Serious Business
    Category: Financial Revolution By : Ardian Wibisono Read : 880 Date : Tuesday, March 01, 2017 - 13:14:26

    Ahmad Zamroni / Forbes Indonesia

    The new chief executive of Standard Chartered Bank Indonesia Rino “Donny” Donosepoetro has made history as the first Indonesian to head the bank’s Indonesian operations since it opened over 150 years ago in the country. He replaced Singaporean Tse Koon Shee in July when Koon Shee moved to competitor DBS. Donny inherits the position during a challenging time. In 2015, the bank booked a loss of Rp 285 billion from Rp 620 billion profit the previous year, and nearly a 9% drop in loans.

    A veteran banker who has been with the bank for two decades, Donny has a strong background in internal audit. He was Standard Chartered’s regional head of audit for ASEAN, South Asia, Greater China and North East Asia based in Singapore, and was chief executive in Brunei and Falkland Islands. His appointment reflects Standard Chartered’s seriousness in securing a key market with someone who really understands the market.

    “When we talk about Asia in the future, we talk about growth. Indonesia has the fastest GDP growth after China and India. For us, Indonesia is an extremely important market. I think it is hard to find another that can beat its potential,” Donny says.

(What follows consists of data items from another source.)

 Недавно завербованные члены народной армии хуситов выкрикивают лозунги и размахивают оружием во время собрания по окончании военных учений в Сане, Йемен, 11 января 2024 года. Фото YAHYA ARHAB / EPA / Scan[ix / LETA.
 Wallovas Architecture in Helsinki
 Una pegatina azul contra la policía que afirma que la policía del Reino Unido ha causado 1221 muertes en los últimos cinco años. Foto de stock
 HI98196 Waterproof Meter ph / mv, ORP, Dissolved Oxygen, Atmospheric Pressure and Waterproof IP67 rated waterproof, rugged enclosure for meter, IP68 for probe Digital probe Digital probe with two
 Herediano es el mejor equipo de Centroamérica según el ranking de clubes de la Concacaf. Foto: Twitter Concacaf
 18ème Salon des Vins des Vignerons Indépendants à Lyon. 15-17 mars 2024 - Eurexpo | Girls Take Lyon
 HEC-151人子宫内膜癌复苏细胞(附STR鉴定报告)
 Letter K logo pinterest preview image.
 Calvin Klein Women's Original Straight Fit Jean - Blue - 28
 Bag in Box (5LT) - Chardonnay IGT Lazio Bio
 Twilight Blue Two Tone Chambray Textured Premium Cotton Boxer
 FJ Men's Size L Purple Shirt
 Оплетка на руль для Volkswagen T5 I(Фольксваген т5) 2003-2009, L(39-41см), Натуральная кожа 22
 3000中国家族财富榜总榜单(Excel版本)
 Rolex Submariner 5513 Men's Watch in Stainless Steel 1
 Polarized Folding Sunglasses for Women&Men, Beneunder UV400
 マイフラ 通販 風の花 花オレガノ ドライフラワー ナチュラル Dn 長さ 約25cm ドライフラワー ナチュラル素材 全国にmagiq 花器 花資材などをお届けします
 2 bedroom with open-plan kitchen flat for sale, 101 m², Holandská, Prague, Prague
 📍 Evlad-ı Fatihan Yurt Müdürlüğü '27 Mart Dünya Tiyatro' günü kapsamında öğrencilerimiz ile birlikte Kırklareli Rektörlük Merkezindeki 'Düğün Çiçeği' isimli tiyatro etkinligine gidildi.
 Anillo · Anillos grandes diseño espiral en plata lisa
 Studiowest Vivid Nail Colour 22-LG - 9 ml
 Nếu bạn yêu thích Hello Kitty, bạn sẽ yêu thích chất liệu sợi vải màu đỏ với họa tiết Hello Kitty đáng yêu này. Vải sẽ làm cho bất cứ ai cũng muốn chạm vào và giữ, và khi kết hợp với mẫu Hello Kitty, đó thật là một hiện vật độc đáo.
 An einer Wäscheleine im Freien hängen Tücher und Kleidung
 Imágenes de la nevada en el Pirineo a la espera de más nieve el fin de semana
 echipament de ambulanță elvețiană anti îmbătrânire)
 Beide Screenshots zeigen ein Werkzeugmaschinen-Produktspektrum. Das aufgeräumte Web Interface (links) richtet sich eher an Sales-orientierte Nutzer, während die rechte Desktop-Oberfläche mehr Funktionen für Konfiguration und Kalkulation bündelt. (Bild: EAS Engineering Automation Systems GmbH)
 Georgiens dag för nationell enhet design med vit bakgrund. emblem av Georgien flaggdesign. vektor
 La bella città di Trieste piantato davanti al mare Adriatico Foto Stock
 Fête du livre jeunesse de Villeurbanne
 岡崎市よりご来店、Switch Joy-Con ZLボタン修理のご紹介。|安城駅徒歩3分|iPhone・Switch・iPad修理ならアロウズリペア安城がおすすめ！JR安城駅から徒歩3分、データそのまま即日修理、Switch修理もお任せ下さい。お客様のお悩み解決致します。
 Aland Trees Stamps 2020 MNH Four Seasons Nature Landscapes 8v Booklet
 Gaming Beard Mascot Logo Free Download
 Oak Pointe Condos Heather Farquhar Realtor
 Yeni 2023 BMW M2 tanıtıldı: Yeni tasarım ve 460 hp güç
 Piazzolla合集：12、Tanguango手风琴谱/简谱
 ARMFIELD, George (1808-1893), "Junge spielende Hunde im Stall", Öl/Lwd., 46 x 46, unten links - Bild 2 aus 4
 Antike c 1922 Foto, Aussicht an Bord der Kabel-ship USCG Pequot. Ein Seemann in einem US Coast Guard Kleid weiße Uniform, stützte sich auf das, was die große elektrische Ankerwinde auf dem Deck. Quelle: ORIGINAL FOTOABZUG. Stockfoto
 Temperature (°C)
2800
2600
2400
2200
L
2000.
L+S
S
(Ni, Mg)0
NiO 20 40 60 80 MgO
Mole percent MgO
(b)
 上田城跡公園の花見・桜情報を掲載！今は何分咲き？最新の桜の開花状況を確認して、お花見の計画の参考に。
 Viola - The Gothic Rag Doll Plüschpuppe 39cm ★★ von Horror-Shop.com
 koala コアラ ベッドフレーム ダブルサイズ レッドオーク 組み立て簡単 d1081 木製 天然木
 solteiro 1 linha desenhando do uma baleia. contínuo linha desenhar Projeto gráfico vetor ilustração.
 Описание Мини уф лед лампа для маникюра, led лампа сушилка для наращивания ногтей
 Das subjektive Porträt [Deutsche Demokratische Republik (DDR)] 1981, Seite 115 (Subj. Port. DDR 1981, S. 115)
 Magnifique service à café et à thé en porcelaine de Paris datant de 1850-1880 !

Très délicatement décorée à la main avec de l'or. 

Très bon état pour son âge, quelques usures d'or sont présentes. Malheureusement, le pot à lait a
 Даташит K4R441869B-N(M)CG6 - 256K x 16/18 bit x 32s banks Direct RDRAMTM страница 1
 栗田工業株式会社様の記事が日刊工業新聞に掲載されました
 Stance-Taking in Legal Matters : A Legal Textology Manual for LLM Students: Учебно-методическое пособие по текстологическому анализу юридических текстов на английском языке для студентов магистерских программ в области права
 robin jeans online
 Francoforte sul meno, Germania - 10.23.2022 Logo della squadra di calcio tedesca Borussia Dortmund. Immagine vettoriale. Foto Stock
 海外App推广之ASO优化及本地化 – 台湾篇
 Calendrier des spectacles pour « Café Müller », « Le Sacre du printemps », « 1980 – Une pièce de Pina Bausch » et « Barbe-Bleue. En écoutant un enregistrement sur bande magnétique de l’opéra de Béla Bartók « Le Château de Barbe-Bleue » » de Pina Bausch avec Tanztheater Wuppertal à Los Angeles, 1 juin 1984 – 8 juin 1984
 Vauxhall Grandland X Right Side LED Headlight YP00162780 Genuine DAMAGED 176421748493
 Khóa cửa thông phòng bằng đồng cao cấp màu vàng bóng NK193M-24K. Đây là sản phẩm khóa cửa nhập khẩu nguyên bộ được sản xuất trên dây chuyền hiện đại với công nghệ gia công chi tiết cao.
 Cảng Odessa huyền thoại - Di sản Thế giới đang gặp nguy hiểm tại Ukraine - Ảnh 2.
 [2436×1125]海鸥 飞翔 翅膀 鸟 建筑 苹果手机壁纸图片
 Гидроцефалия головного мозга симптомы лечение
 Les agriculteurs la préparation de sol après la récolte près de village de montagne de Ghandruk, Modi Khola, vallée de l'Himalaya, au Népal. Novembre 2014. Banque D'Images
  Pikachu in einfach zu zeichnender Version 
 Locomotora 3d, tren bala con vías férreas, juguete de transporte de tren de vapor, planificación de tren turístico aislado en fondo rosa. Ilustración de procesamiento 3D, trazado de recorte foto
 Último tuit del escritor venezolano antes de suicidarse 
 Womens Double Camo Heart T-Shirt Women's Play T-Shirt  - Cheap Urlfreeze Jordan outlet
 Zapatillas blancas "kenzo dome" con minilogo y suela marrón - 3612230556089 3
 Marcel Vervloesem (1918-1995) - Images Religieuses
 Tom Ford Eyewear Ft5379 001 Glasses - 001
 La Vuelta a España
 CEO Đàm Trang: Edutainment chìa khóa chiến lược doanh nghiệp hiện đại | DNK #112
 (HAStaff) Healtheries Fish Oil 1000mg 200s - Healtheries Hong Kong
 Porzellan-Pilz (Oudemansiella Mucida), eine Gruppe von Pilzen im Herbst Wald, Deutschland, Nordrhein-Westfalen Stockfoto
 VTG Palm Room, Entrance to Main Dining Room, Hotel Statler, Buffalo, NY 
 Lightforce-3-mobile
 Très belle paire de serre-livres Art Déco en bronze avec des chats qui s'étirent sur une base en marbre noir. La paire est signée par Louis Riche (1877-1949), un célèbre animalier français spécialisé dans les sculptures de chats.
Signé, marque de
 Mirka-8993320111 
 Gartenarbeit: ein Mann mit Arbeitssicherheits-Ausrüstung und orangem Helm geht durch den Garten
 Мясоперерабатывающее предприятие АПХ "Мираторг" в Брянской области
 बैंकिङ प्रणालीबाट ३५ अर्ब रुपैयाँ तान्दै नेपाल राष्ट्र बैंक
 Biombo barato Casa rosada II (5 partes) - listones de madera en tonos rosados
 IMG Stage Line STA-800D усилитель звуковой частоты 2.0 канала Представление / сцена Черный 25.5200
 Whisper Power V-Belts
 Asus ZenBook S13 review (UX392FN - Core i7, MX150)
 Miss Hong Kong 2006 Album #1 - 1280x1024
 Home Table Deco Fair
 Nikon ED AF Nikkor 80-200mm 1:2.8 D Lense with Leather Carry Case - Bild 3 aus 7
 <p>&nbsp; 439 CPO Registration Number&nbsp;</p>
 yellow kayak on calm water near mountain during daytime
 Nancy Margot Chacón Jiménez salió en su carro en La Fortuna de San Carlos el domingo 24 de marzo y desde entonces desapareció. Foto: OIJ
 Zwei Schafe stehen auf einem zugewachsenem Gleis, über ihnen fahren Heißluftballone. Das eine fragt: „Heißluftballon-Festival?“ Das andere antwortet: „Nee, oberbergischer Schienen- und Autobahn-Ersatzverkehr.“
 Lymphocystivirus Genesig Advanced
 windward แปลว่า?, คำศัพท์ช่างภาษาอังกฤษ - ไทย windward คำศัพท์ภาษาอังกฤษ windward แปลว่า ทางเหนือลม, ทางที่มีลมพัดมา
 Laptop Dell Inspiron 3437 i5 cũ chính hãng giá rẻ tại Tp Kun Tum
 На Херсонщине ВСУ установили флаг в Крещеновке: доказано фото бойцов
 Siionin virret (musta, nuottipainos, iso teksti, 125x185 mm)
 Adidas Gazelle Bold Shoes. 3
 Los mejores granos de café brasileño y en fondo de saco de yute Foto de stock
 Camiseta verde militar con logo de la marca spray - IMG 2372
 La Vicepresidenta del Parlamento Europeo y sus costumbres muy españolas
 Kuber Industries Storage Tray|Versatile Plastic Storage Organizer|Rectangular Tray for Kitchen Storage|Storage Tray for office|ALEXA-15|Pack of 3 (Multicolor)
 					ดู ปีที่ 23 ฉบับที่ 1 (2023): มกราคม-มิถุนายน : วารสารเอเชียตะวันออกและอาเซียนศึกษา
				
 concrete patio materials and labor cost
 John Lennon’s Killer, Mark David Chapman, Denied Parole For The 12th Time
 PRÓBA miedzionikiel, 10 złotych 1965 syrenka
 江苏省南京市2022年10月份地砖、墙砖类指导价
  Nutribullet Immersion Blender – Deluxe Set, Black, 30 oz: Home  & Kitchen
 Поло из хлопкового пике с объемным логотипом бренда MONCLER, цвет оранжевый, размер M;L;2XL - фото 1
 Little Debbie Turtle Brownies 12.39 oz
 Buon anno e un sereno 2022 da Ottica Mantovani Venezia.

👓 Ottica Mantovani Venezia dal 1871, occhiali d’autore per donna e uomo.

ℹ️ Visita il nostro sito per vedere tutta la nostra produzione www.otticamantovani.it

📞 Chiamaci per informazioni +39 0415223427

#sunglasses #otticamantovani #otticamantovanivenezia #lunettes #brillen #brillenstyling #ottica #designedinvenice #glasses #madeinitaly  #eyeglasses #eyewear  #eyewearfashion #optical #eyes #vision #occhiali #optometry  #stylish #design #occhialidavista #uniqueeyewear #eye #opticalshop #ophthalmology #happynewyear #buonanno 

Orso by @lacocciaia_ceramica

Likewise, restructuring efforts have been taken. Donny admits that the past couple of years have been tough, but last year the bank moved back to its growth trajectory. The bank’s unaudited figures as of September showed Rp 553 billion profits despite loan growth remaining flat, and gross nonperforming loans (NPLs) soaring to 5.7%, which required a higher provision. Donny says the restructuring effort means this year Standard Chartered Indonesia can aim to have about 9% growth.

    “I am a big believer in culture, it’s a basic foundation for success. For the first time, we have Standard Chartered Bank Indonesia culture,” he says. To compete with others that offer similar products and service, Donny says he gathered the bank’s top and second tier management to set a culture focused on the root of the banking business: trust. He says trust comes mainly from two things, first is good communication with clients and between employees. Second is setting a high standard for professional behavior, including cooperating with the regulators. Unlike other banks that have been cutting back on some sectors or companies, Donny prefers to focus on each client, and provide for their needs.

    “A bank is about risk management, but you implement it in a way to focus on the client. Clients are different, and during this challenging situation, we should stand with them. It might be tough now, but we know it will rebound, which is better than taking a conservative view and cutting the whole thing,” he says. Donny sees international investors wanting to invest in Indonesia, such as clients in South Korea and China. “For our Korean clients, we help them deal with the licenses and authorities. They have interests across the board, in consumer products, automotive, extraction businesses, retail, and manufacturing,” Donny says.